La Débâcle – 471

Et ce découragement, que Maurice raisonnait en garçon intelligent et instruit, il grandissait, il pesait peu à peu sur toutes les troupes, immobilisées sans raison, dévorées par l’attente. Obscurément, le doute, le pressentiment de la situation vraie faisaient leur travail, dans ces cervelles épaisses ; et il n’était plus un homme, si borné fût-il, qui n’éprouvât le malaise d’être mal conduit, attardé à tort, poussé au hasard dans la plus désastreuse des aventures. Qu’est-ce qu’on fichait là, bon Dieu ! puisque les Prussiens ne venaient pas ? Ou se battre tout de suite, ou s’en aller quelque part dormir tranquille.

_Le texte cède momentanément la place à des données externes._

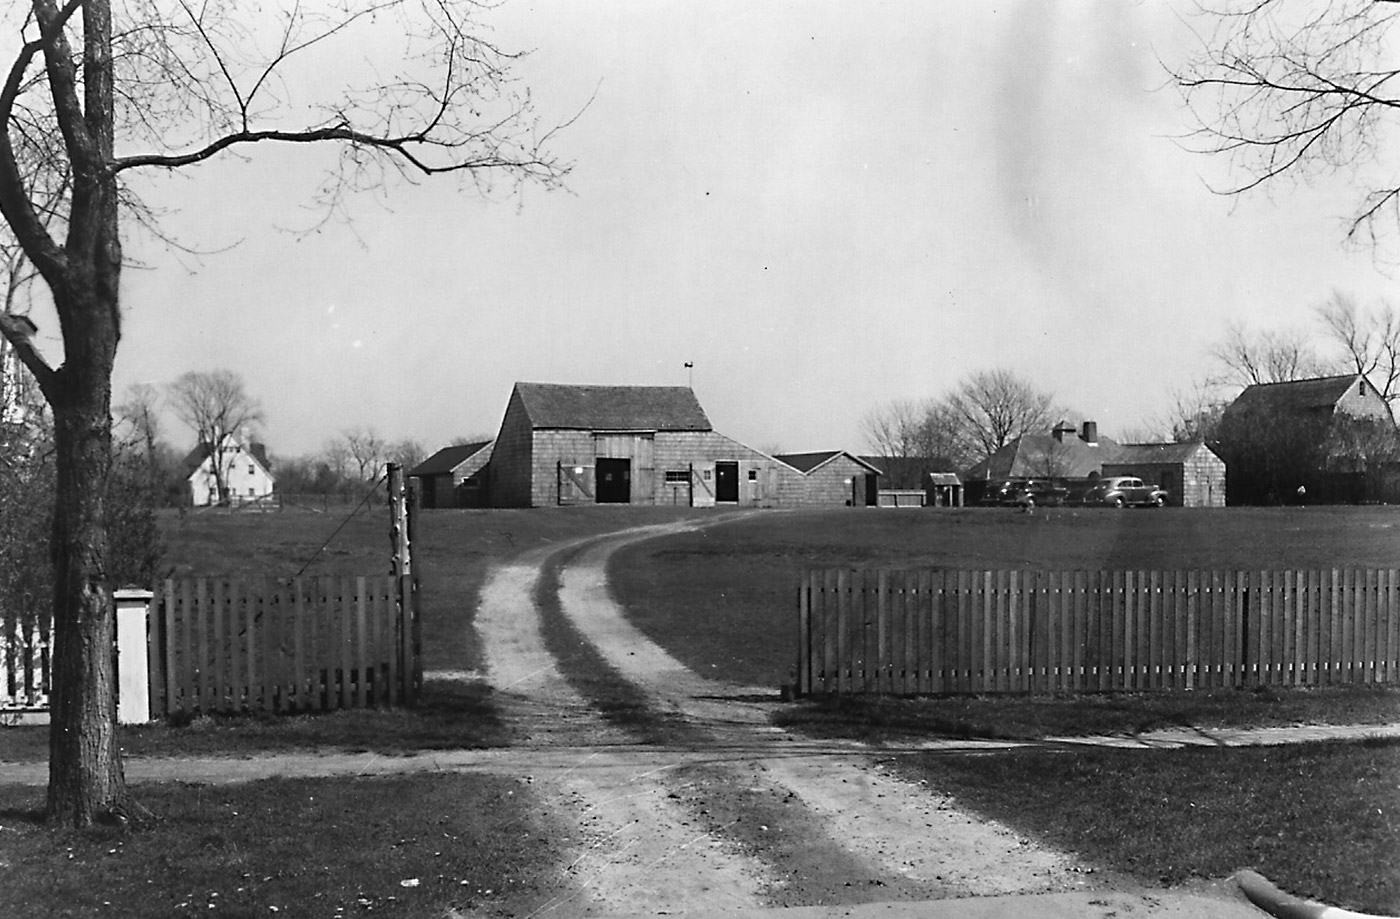                             A view of the farm from James Lane in 1947

Ils en avaient assez. Depuis que le dernier aide de camp était parti pour rapporter des ordres, l’anxiété croissait ainsi de minute en minute, des groupes s’étaientformés, parlant haut, discutant. Les officiers, gagnés par cette agitation, ne savaient que répondre aux soldats qui osaient les interroger. Aussi, à cinq heures, lorsque le bruit se répandit que l’aide de camp était de retour et qu’on allait se replier, y eut-il un allègement dans toutes les poitrines, un soupir de profonde joie.